El garantista sistema legal español tiene esas cosas. Un buen abogado encargado de una complicada defensa puede obtener múltiples fórmulas para minimizar la condena de su cliente
La justicia, sin embargo, se rige por otros parámetros menos pasionales y emotivos. Las pruebas son las pruebas y las suposiciones o los rumores no cuentan. Toda España ha condenado al clan familiar de los Pujol y, sin embargo, ninguno de ellos ha pisado ni un calabozo ni una prisión. A excepción hecha de Oriol Pujol y su lío con las ITV de Cataluña, lo más probable es que ningún miembro de la familia del expresidente catalán sea condenado por nada de lo que se conoce hasta la fecha.

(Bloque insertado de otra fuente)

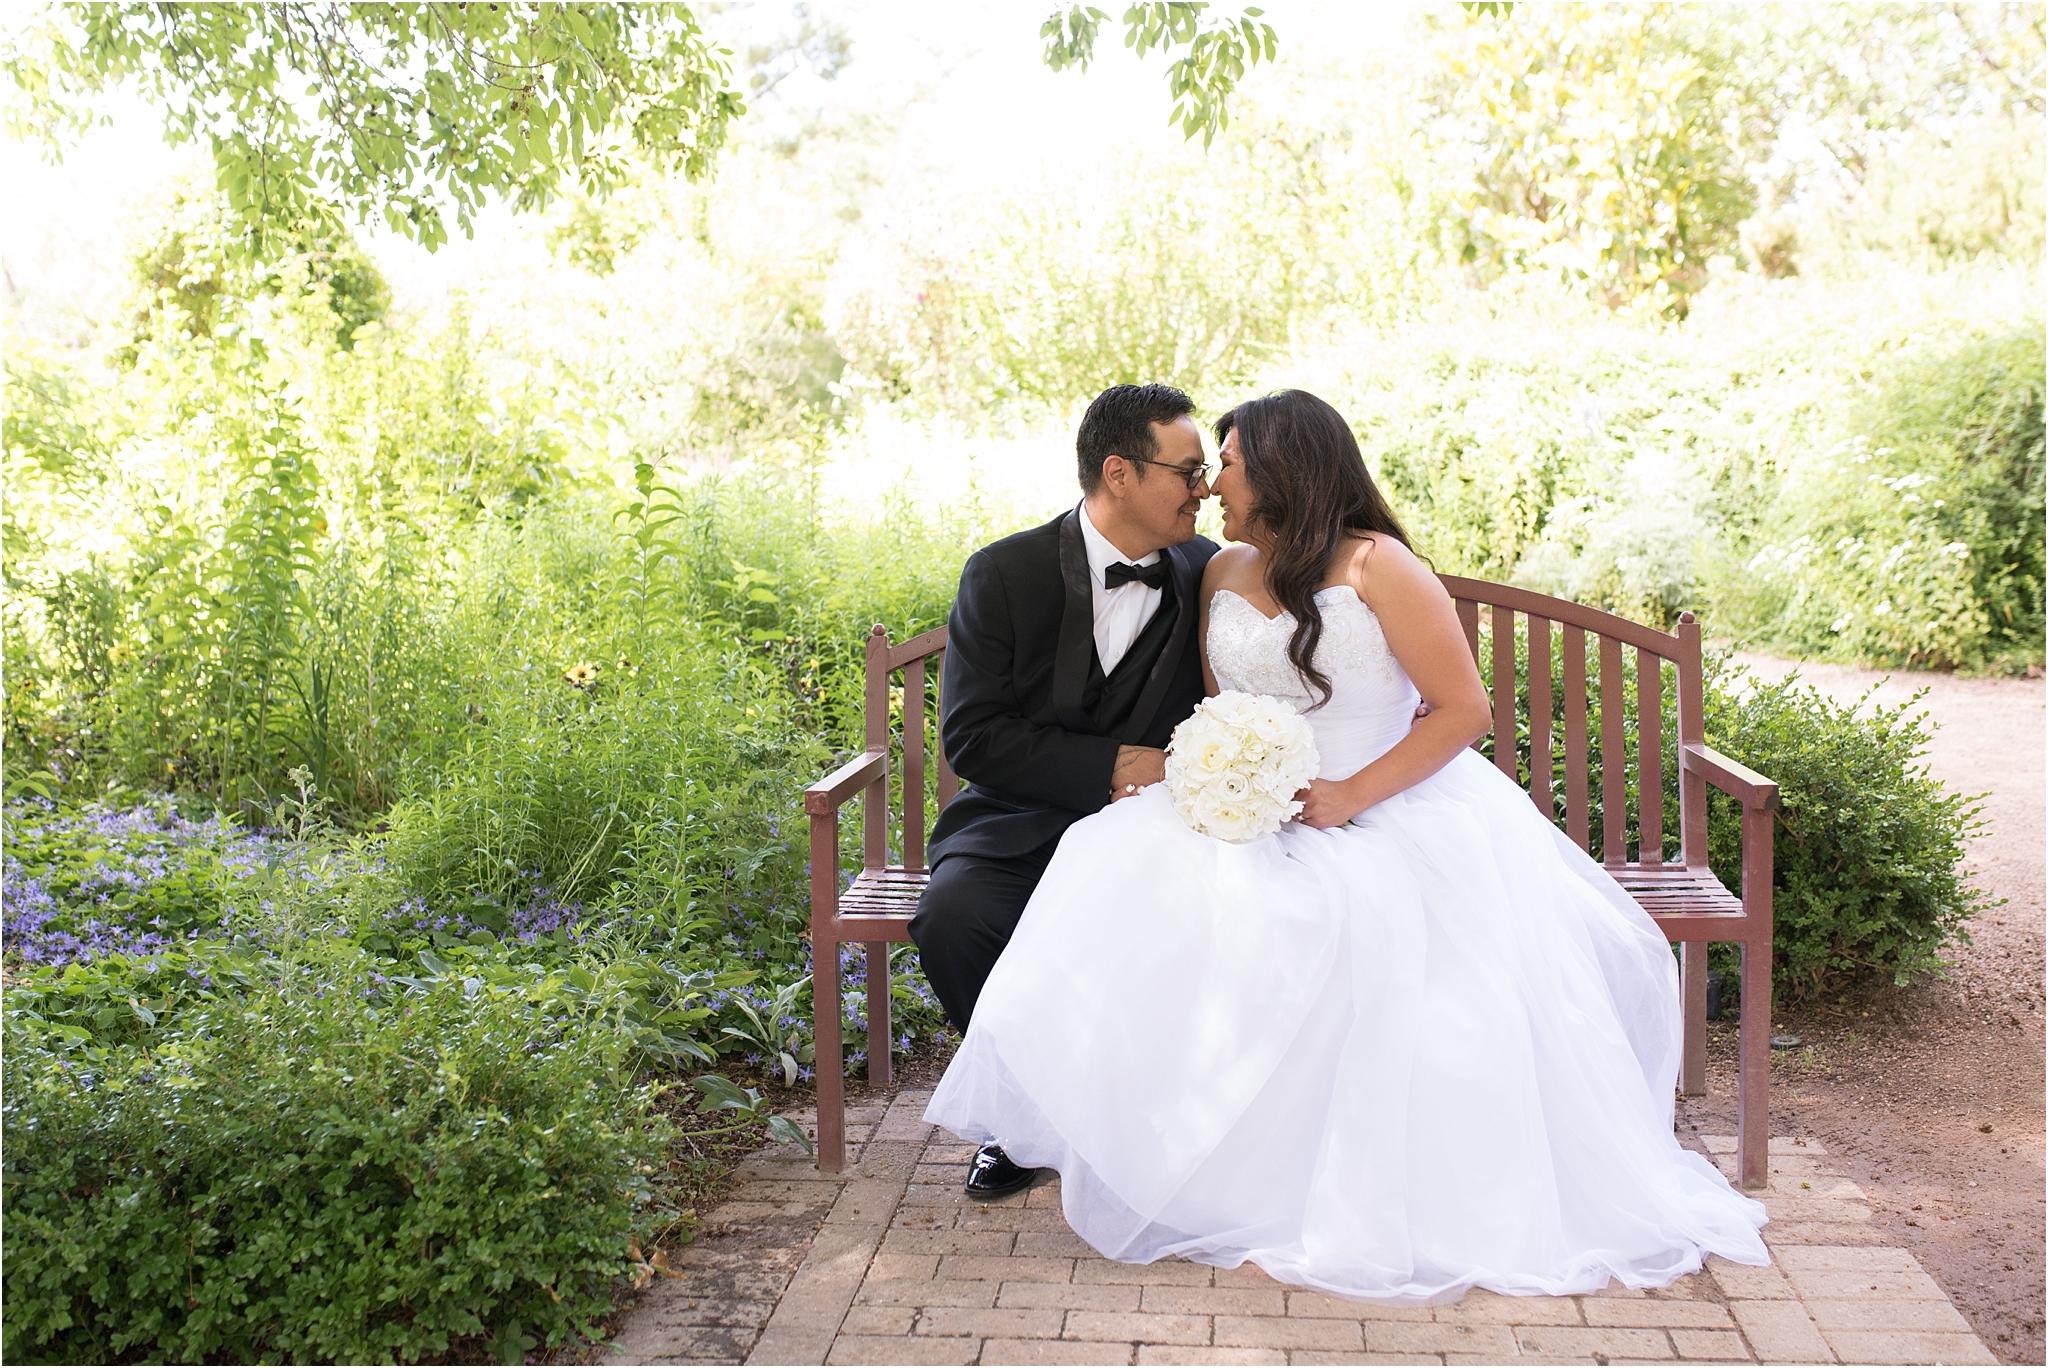 kayla kitts photography - albuquerque botanical gardens - albuquerque wedding photographer - albuquerque wedding - the banque lofts wedding_0009.jpg

Eso será así no sólo por contar con una eficaz defensa, sino porque ningún magistrado ha podido demostrar hasta la fecha que los delitos que se les atribuyen fueran cometidos como la prensa ha narrado o como algunos opositores políticos han criticado. De lo que se conoce y se ha probado, los Pujol sólo cometieron una más que reprobable irregularidad fiscal (esconder su dinero en otros países para evitar tributar por ellos en España). Cuando El Mundo publicó el pantallazo sobre los fondos, la familia regularizó con Hacienda y pagó sus impuestos a velocidad de vértigo para evitar ser denunciados por delito fiscal. Se han quedado sin una parte considerable de lo que escondieron, pero nadie ha probado (ni fallado) que fueran delincuentes.

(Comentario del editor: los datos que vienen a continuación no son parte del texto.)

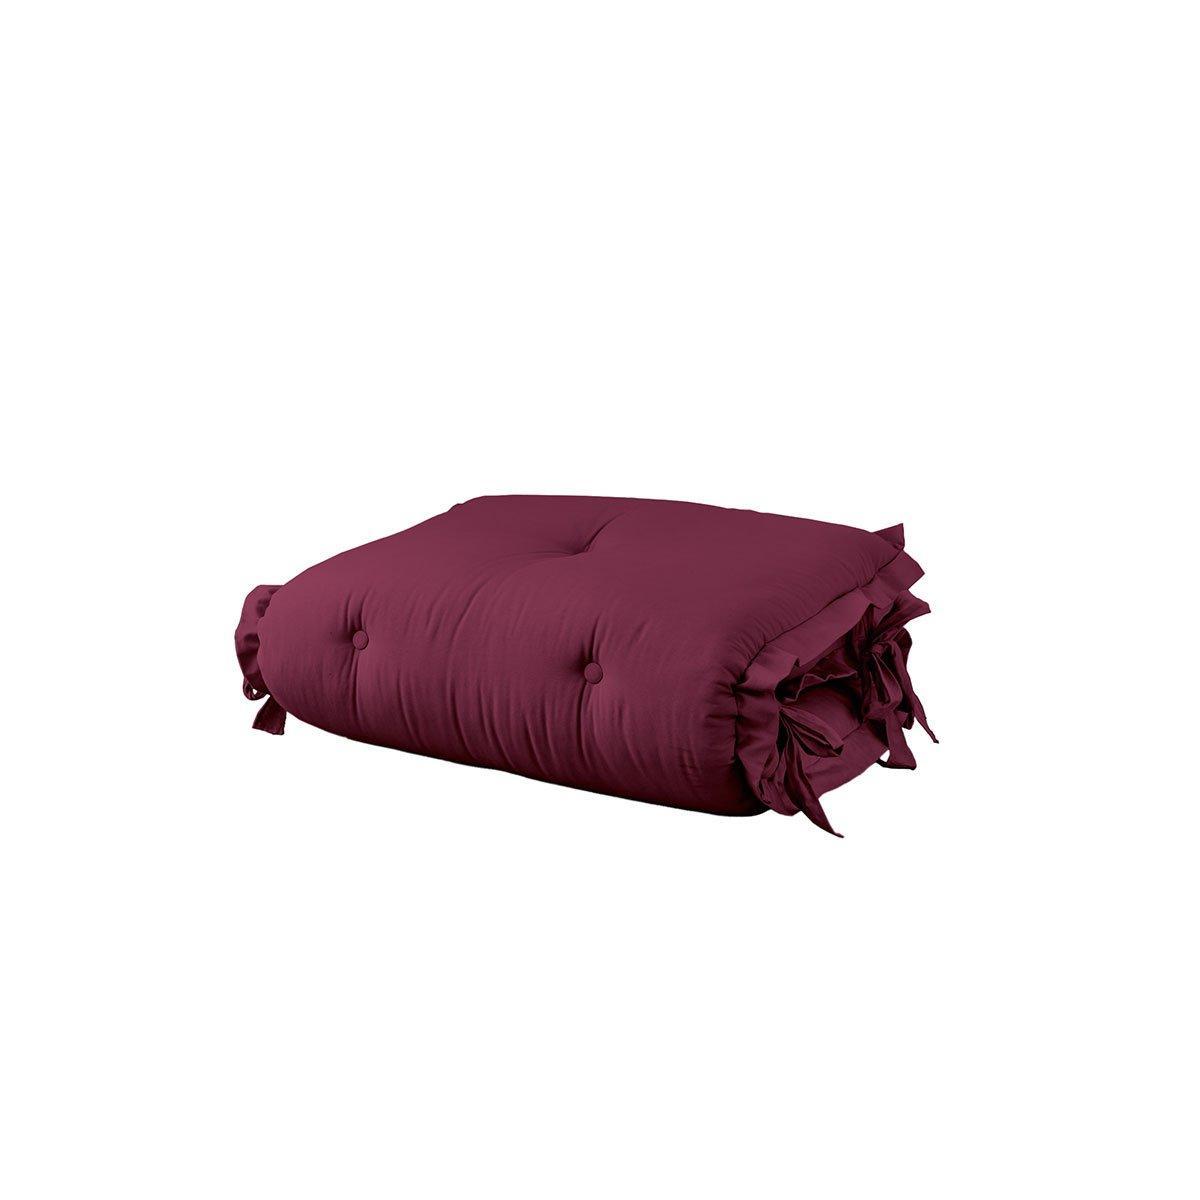 Variabilný matrac Sit And Sleep – Bordeaux

La mayoría de la sociedad es reacia a comprender esos matices y sutilezas vinculadas al ejercicio de la ley. Por eso, cuando se conoce un nuevo caso de corte ético similar las quejas son mayúsculas. Cabe, no obstante, una observación al cabreo generalizado de los españoles con estos asuntos. Si has robado una gallina y te pillan, con pruebas o con irrefutables demostraciones, puedes acabar con tus huesos en la cárcel. Pero deberíamos entender, si mantenemos el símil, que muchos ladrones de gallinas tampoco acaban en prisión porque las pruebas son nada concluyentes y sus garantías ante la justicia prevalecen a las sospechas o a la opinión pública contaminada por el efecto gregario de los mass media.